The most immediately affected individuals are the approximately 40 Americans who participated in the March convoy, who now face potential OFAC enforcement actions. Piker and Benjamin have received subpoenas [13]. CodePink's DC Coordinator, Olivia DiNucci, is also under investigation [13].

For employees of the Singham-funded nonprofits, the sanctions create a different kind of pressure. Organizations that previously coordinated programs with ICAP or other Cuban entities must now conduct compliance reviews of their entire operations. Any ongoing financial relationships with designated entities must be unwound and reported to OFAC. The People's Forum, which recently moved into a $5 million Manhattan headquarters, faces congressional demands for records alongside the new sanctions compliance burden [19].

Cuban civil society workers who participated in exchange programs organized through ICAP face the prospect of being cut off from American institutional partners. Academic researchers who conducted fieldwork in Cuba through ICAP-facilitated programs may find their ability to continue such work severely constrained.

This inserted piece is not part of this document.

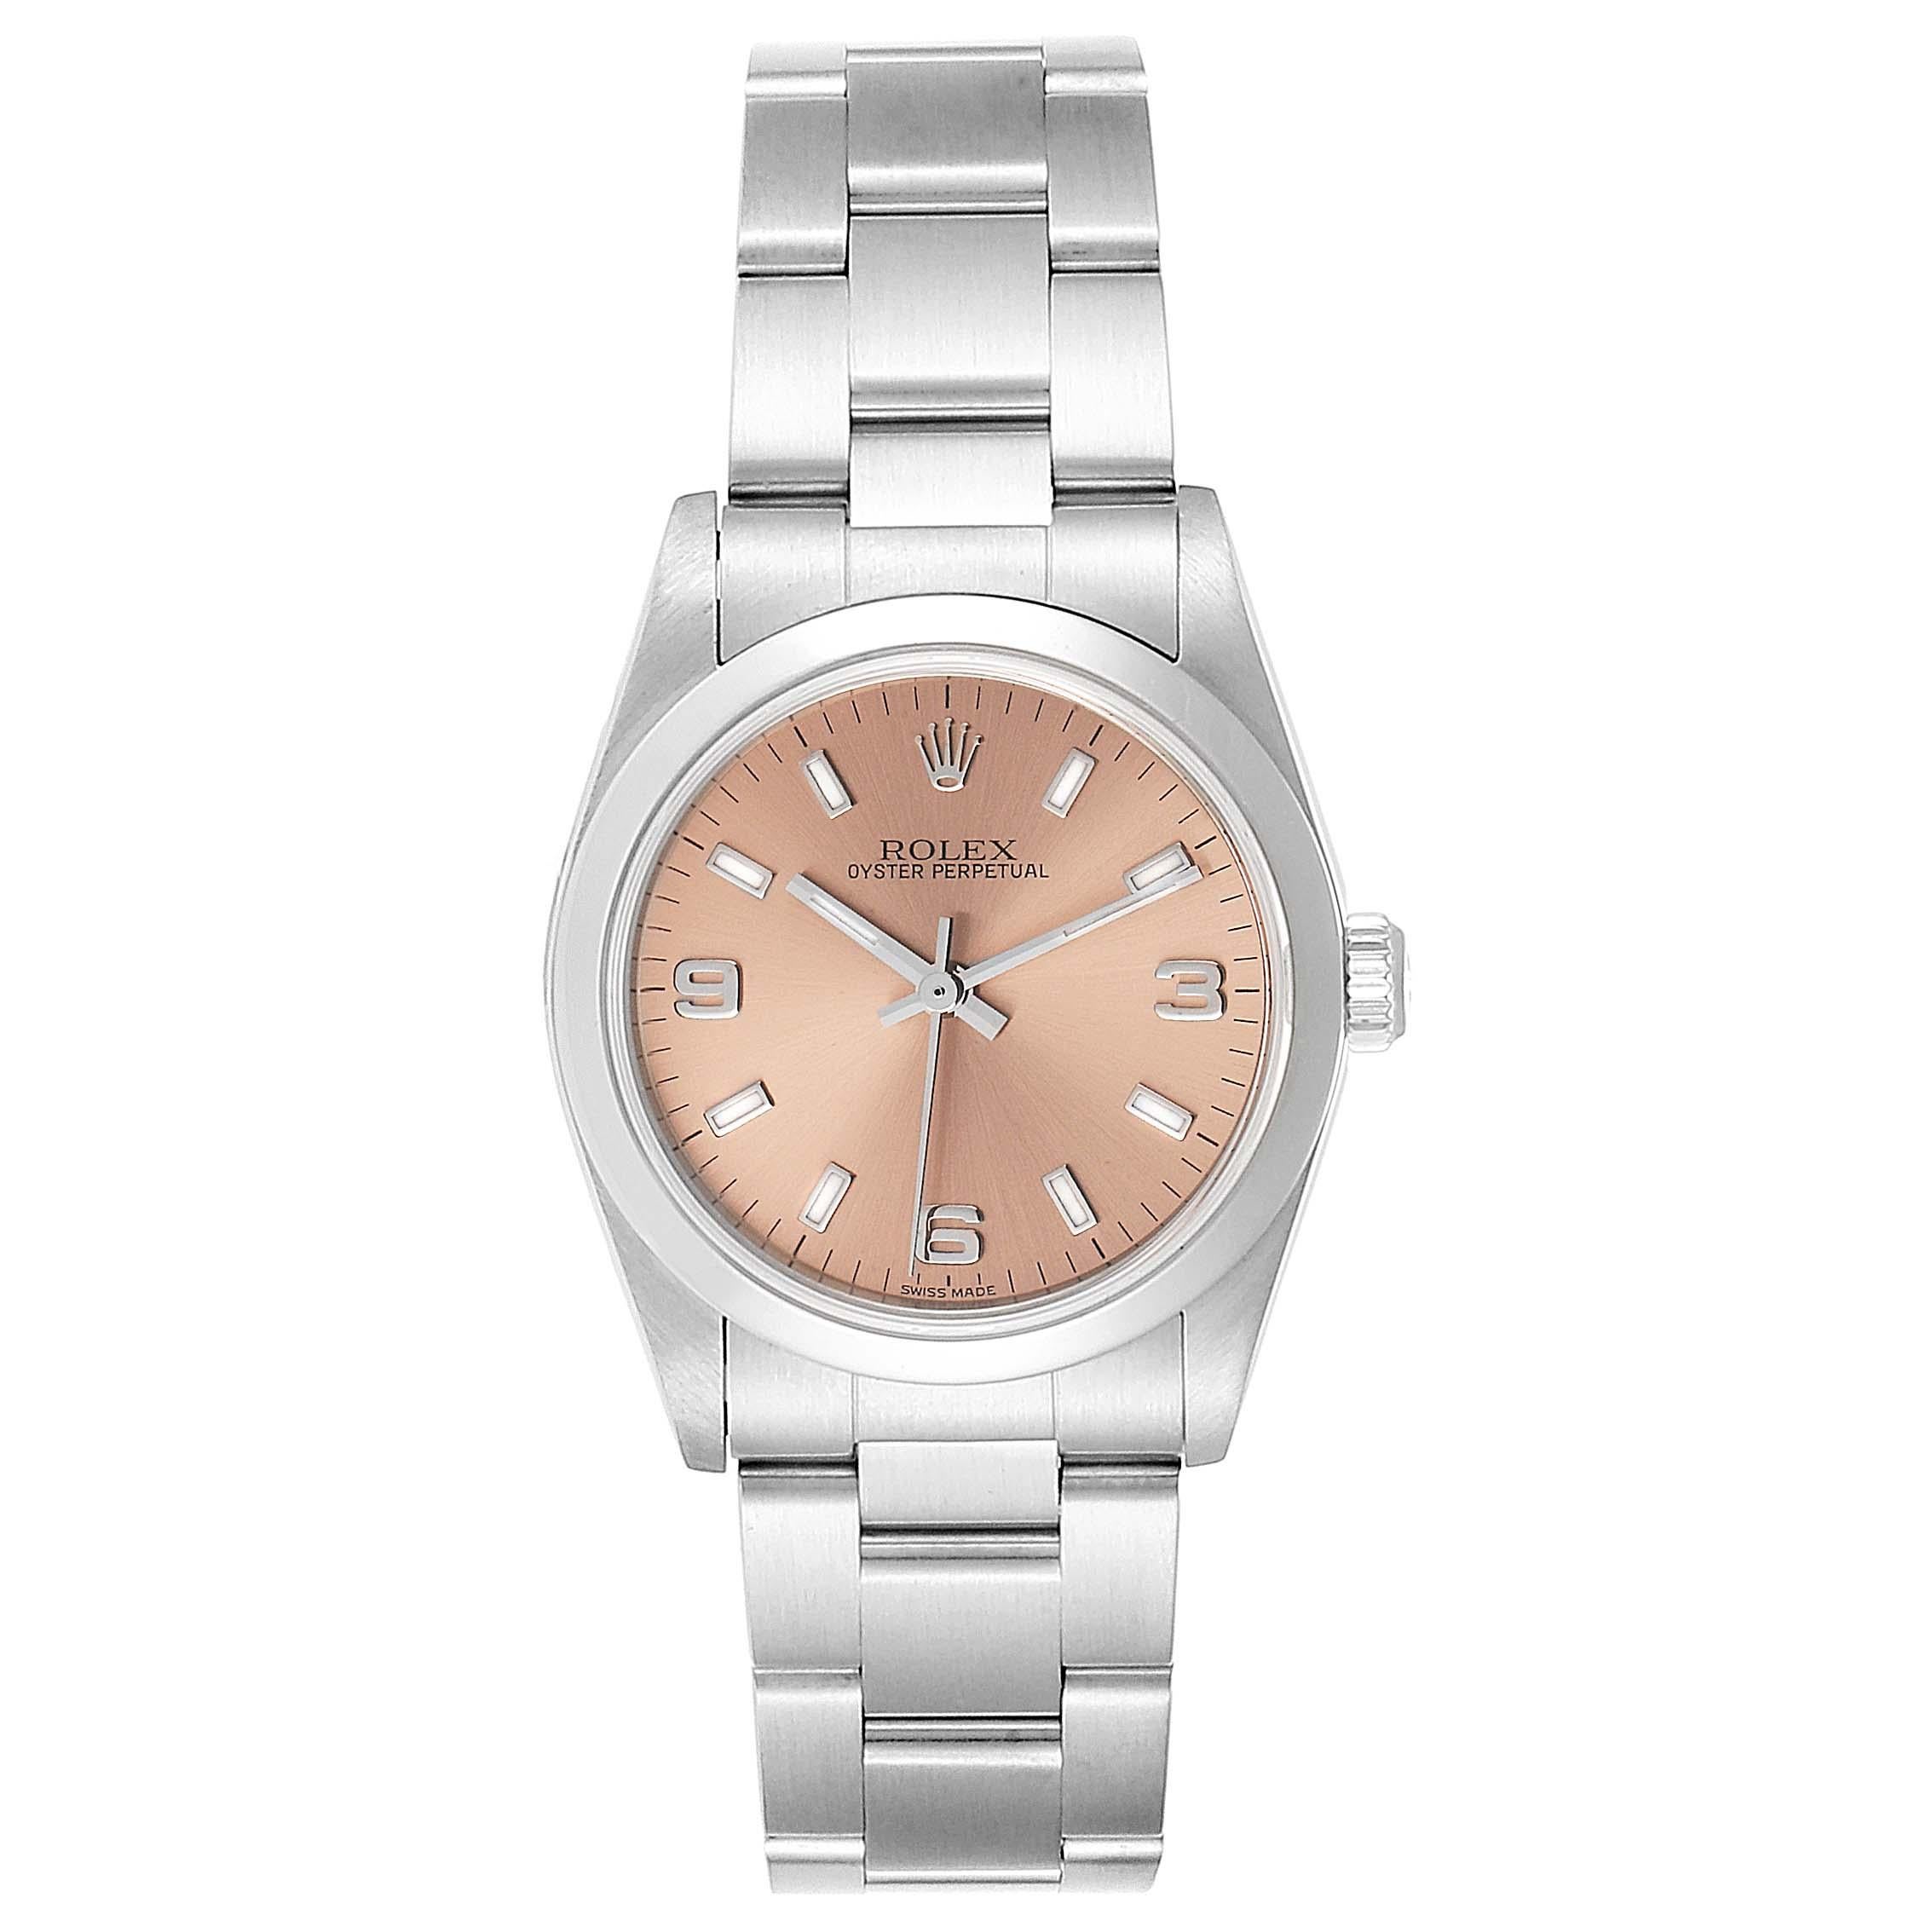 Rolex Midsize Salmon Dial Domed Bezel Steel Ladies Watch 77080. Officially certified chronometer self-winding movement. Stainless steel oyster case 31.0 mm in diameter. Rolex logo on a crown. Stainless steel smooth bezel. Scratch resistant sapphire

Second-Order Effects: Remittances, Exchanges, and Regional Diplomacy

The broader Cuba sanctions escalation has effects well beyond the Singham network. Remittances to Cuba — estimated at $2 to $3 billion annually and a lifeline for Cuban families — have been progressively restricted under tightening OFAC rules [20]. The Trump administration previously limited remittances to $1,000 per person per quarter and prohibited processing through entities on the Cuba Restricted List, which now includes over 200 entities after the January 2025 expansion [21].

Academic exchanges, already constrained by the elimination of individual "people-to-people" travel during Trump's first term, face further complications. The designation of ICAP — which has historically facilitated some educational and cultural exchanges — removes one of the institutional channels through which such programs operated.

Regionally, the use of financial sanctions as a tool against media and advocacy organizations is being watched by Latin American governments already skeptical of U.S. sanctions policy. The Foundation for Defense of Democracies, a hawkish think tank, published an analysis on June 3, 2026, arguing for even more aggressive use of sanctions tools against Cuba, framing the current actions as part of a "toolkit for squeezing the Cuban regime" [22].

What Comes Next

The sanctions announced on June 4 are unlikely to be the last. Rubio has publicly predicted additional sanctions targeting the Cuban regime's elite [23]. The OFAC investigations into convoy participants could produce civil penalties, criminal referrals, or both. Congressional committees continue to demand records from Singham-funded organizations, with the possibility of FARA (Foreign Agents Registration Act) enforcement actions if investigators conclude that any organization acted on behalf of a foreign government without registering.

The central tension will remain: whether the U.S. government's counterintelligence concerns about a genuine foreign influence network justify the use of sanctions tools that inevitably constrain the political activity of American citizens and organizations. The legal battles — over OFAC's authority, the First Amendment's reach, and the line between foreign influence and domestic advocacy — are only beginning.